The government also highlighted that ~25% jobs depend on exports. In present times, exporting firms are more productive, and they hire more people and provide them with a better wage. Hence, a more robust tradable sector would help the country to recover.
At the time when the country was at the peak of COVID-19 cases, the focus was on protecting trade flows and supply chains to ensure that the citizen has access to essential items like medicines and PPE and simultaneously, the goods produced within the country reaches the trading partners.
The next phase of the country’s response is to recalibrate the trade policy for a new global environment. On this front, the government has three strategic pillars. These are:
- Retooling support for exporters.
- Strengthening global trade architecture.
- Refreshing crucial trade relationships.
Economic Update: Business activity continues its recovery, business confidence improves
As per the recent update by the New Zealand government for the week ended 17 July 2020, the New Zealand Activity Index (NZAC) showed an ongoing recovery in June despite the marginal drop in the activity below 2019 levels. The housing market rebounded, and electronic card spending climbed beyond 2019 levels.
In the preliminary survey in July 2020, the business confidence was seen improving. In a recent Reserve Bank survey, it was found that the demand for the credit has fallen as businesses review investment decisions.
International arrivals dropped significantly and reached its 60-year low in May 2020. Thus, bringing the projected net migration near to zero.
The consumer price index during the June 2020 quarter slipped 0.5% after the rise of 0.8% in March 2020. Hence, the annual inflation rate slowed to 1.5%. The fall in the CPI was driven by the lower petrol and accommodation prices.

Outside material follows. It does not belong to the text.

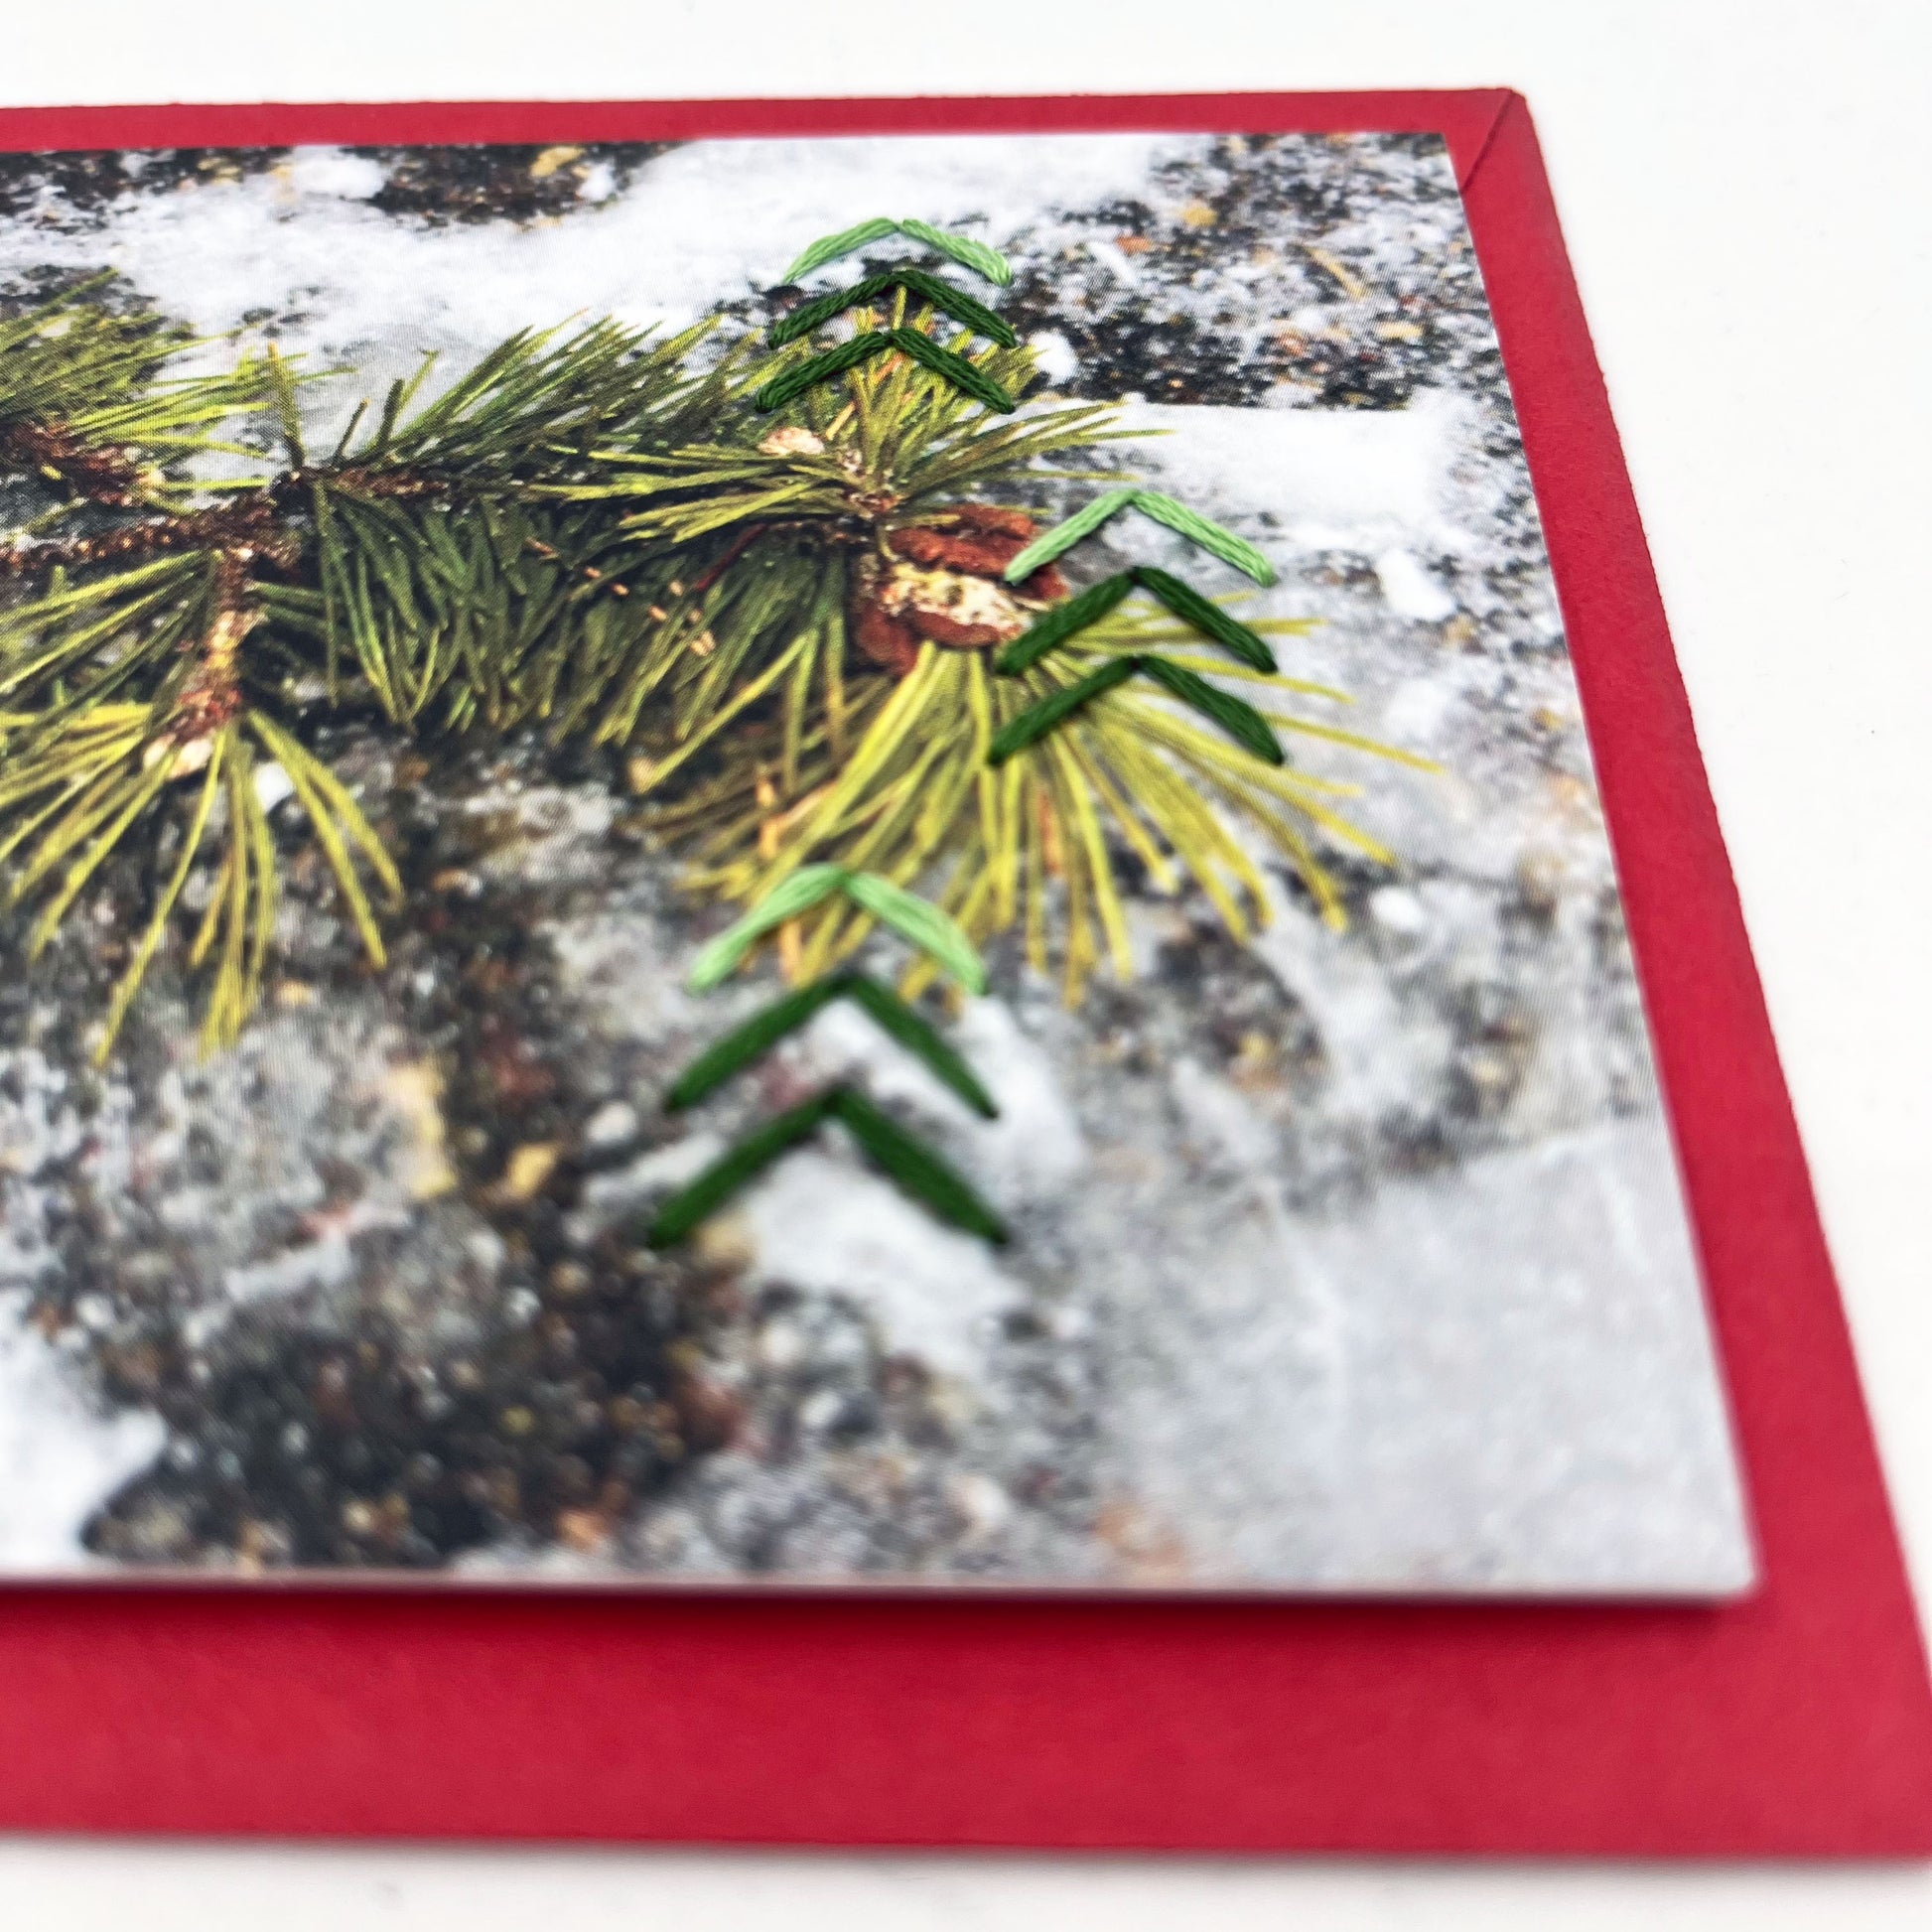 Greeting card flat on an envelope. Photo of pine tree branch in snow. Green stitches of groups of 3 chevrons to create abstract pine tree shape

In June, the housing prices improved by 1% to be up 8.6% from a year before. The sales volumes are currently back to that level which existed before the pandemic. Pent-up demand, lower inventory levels, improving monetary conditions, and elimination of LVR restrictions have aided the housing market recover.
The government also reported that spending in 5 out of 8 industries increased in June 2020.

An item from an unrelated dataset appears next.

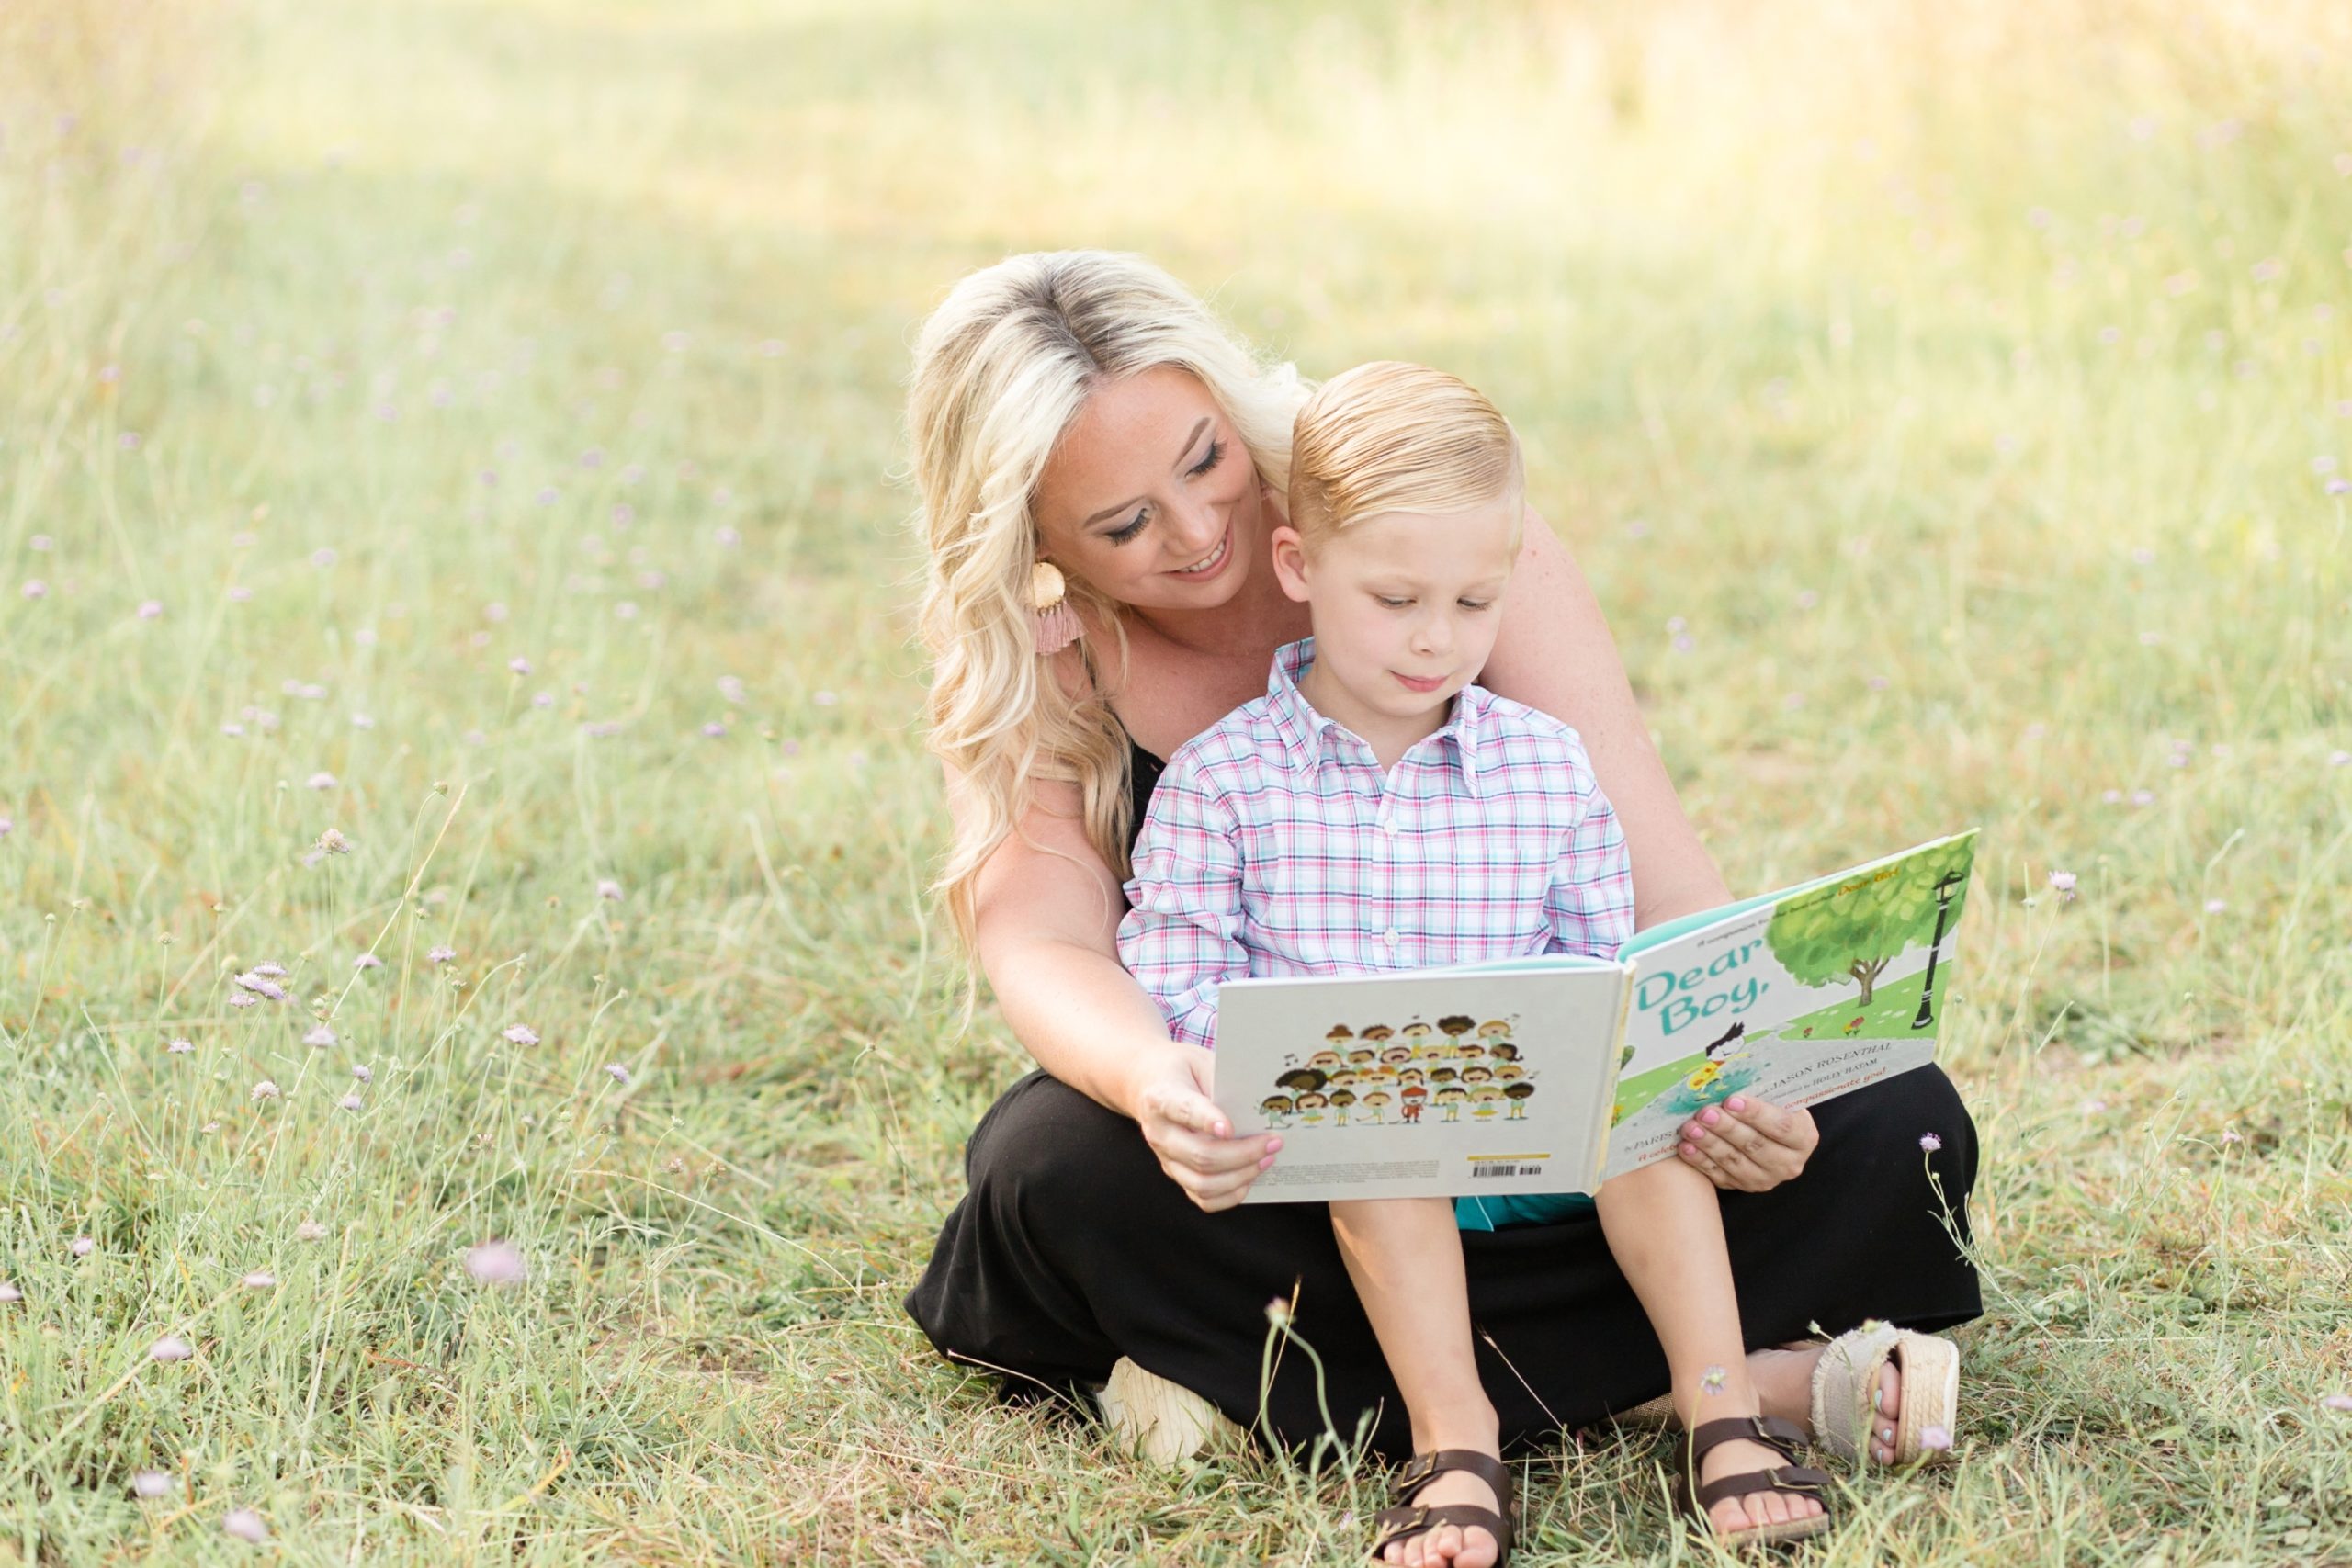 Mommy and me session in the summer at Frisco Commons Park in Frisco, TX with family photography team Wisp + Willow Photography Co. Click to see more from this sweet session live on the blog now!

- Electronic card spending improved 4.2% in June 2020 as compared to the previous corresponding period.
- Spending for durable grew up by 24.2%.
- Consumable spending increased by 10.5%.
- Other factors influencing the increase in the expenses were pent-up demand from lockdown, changing consumer behaviour towards electronic transaction instead of cash.
A Glance at the quarterly and monthly indicators of the economy:
As on 22 July 2020, NZ$1 is equivalent to US$0.66.
The stock market always takes cues from a relative standpoint, given the current economic situations across the world, New Zealand is hands down in a better footing. The future outcome would definitely depend on how well the country can leverage on the head start that it has witnessed in tackling the COVID-19 pandemic, and the stock market participants are closely watching every move the government and its people are making.